If the Russian commanders had been competent at moving forces around in real life and not just on a map sheet they'd have reached the Dneper and been able to create a bulge or even pocket of the Ukrops in the Donbas.
>>2110469Oh sorry, I thought the emphasis was meant to be sarcastic in the "2 more weeks" sense.
>>2110472Yeah, even initially the nato mercenaries tapped out early with comments about how this was totally different than fighting tribals in Afghanistan or whatever.
>>2110473Training seems inconsistent across the board, with reports of people being shipped to the front same day and then "elite nato trained units" getting what seems at most 4-6 months, which Scott Ritter referred to as criminal.
>>2110479>Training seems inconsistent across the boardYeah I was referring to just the units trained by NATO outside Ukraine. This wasn't full NATO training, and even that is considered the bare minimum for soldiers to join a line unit and receive further training.
I wouldn't be surprised to see a lot of Ukrainian nationalists turn away from the West due to them realising how false most of its aura of superiority is.
>>2110476I don't think there was Russian intent to push up to the Dnieper.
I see the initial stages of the assault like the Sino-Vietnamese War. The Chinese struck with heavy, albeit clumsy, force, and reached the passes to Hanoi.
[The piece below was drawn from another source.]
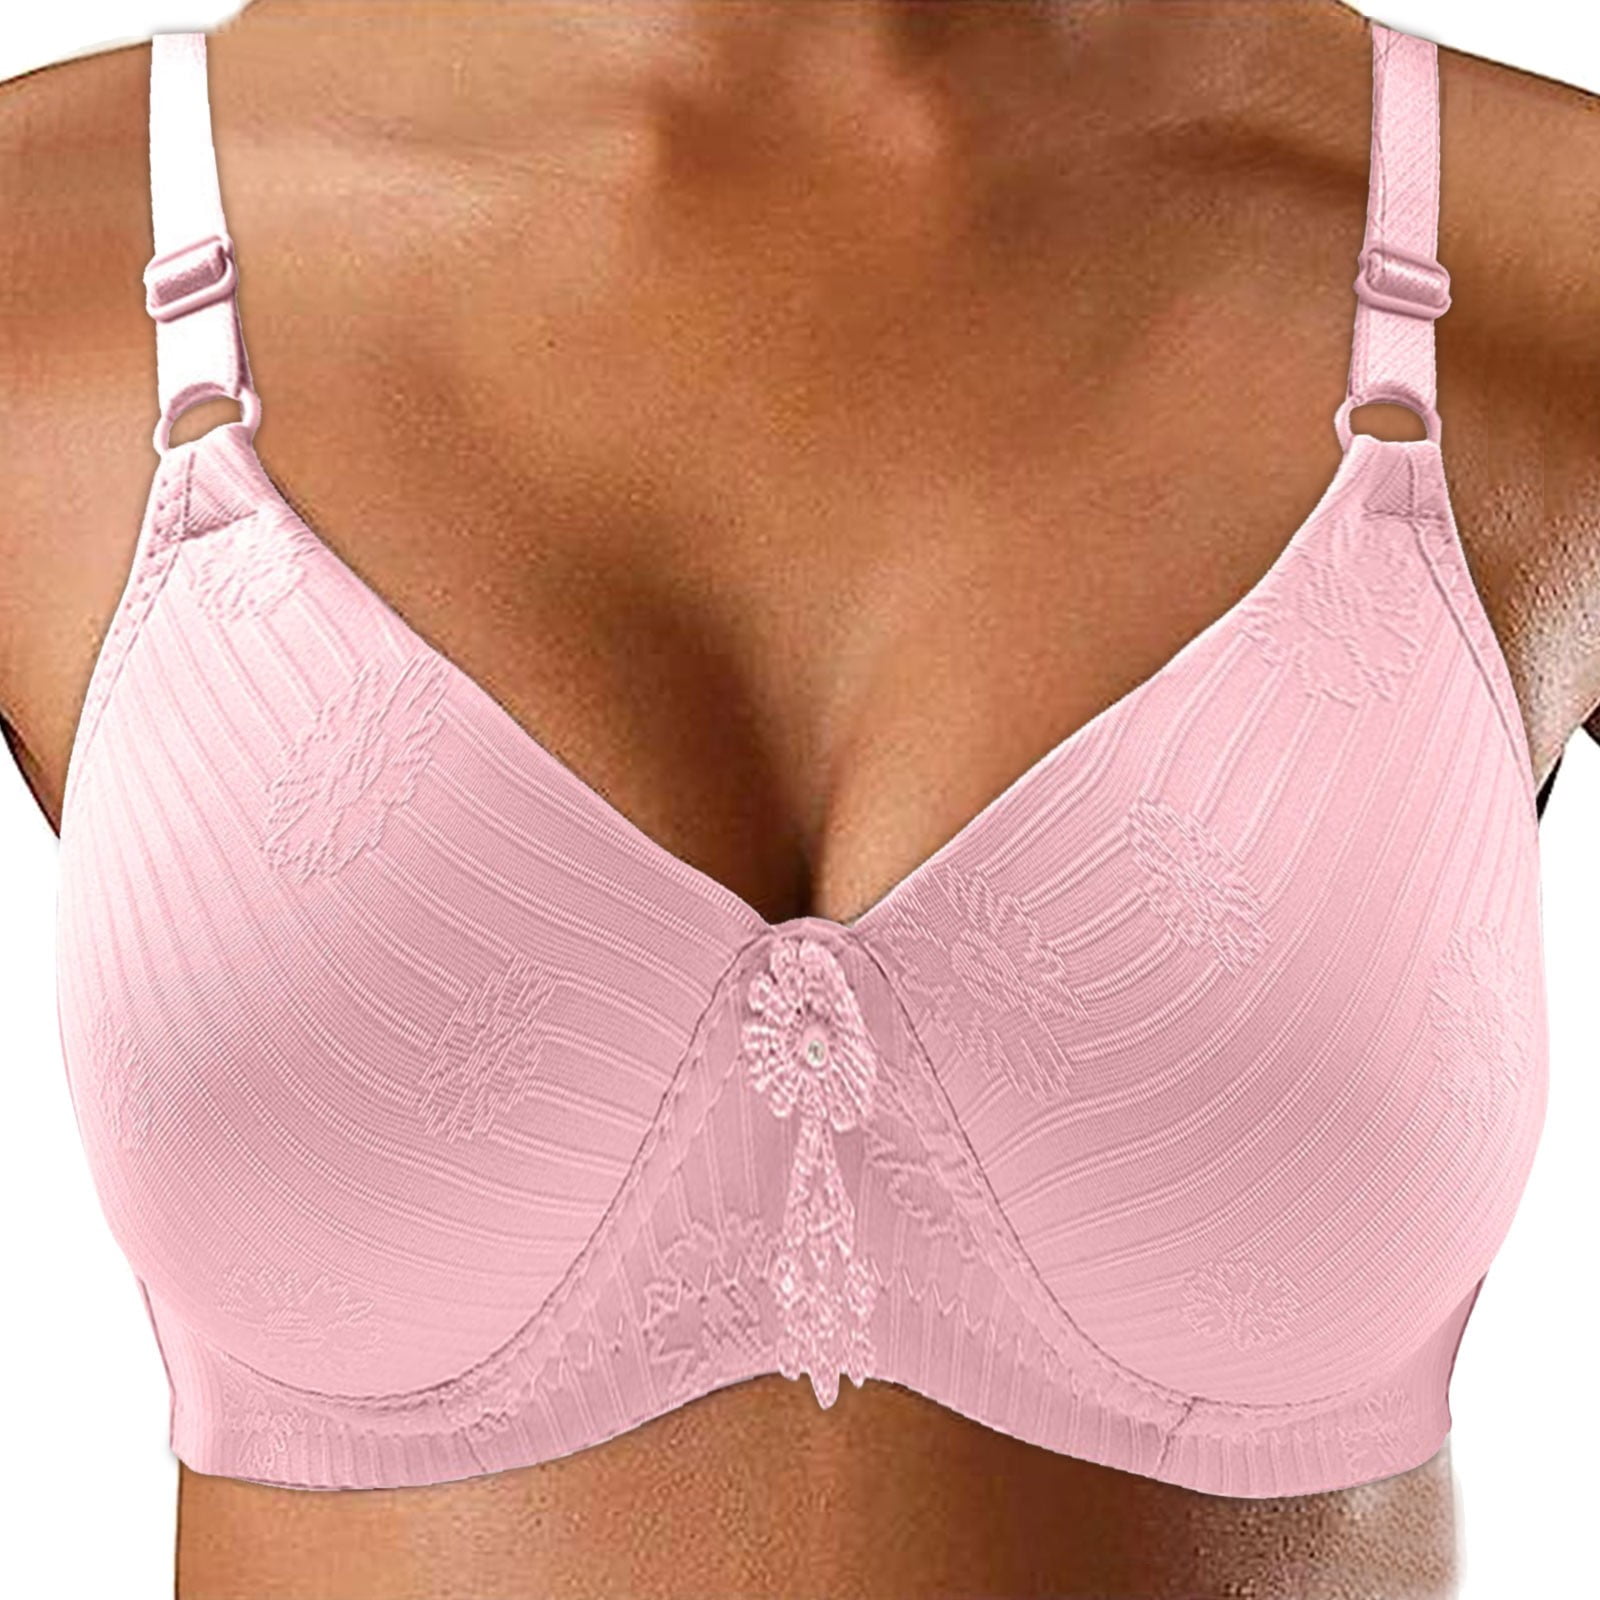 KaLI_store Womens Sports Bras Women’s Push Up Underwire Bra Super Padded  T-Shirt Bra Add Two Cups Pink,40

Then they withdrew to avoid getting embroiled in a brutal guerrilla war, and launched border skirmishes that dragged down the Vietnamese economy.
I think that's the same logic with the Kyiv attack; Russia was never going to capture Kyiv, but they wanted to put it under threat to force favorable negotiations.
They will have to take Donbass, of course, but the objective is a grinding, grueling fight until Ukraine makes like Vietnam, which acknowledged that given the force disparity with China, it had to acknowledge its northern neighbour's needs. The Russian objective's similar, it has to send a message to NATO, and it has to convince Ukraine it has to be neutral or Russia-aligned.
The difference is that the attritional skirmishing and the mass assault phases have been merged; Russia bleeds Ukraine (and NATO) fighting over Donbass.
>>2110459Isn't that kind of explained by the fact the advanced side is spending a lot to attack a side that barely even has infrastructure, actually balances the economics of war in favour of the side that has everything jerry rigged with duct tape anyway? Like if you take Vietnam, it was hugely expensive to send all of that hi-tech (for the era anyway) shit and operate it that far from home that then got unleashed on pretty much nothing other than peasants who become economically active as children anyway and thus (speaking brutally) easy to replace. As soon as the Vietnamese were able to shoot down B-52s with foreign supplied AA on the reg, then it was over for the US, the war was expensive enough fuelling and arming the bombers to attack targets that nowhere near match the value of, without now even losing the bombers and thus requiring replacements.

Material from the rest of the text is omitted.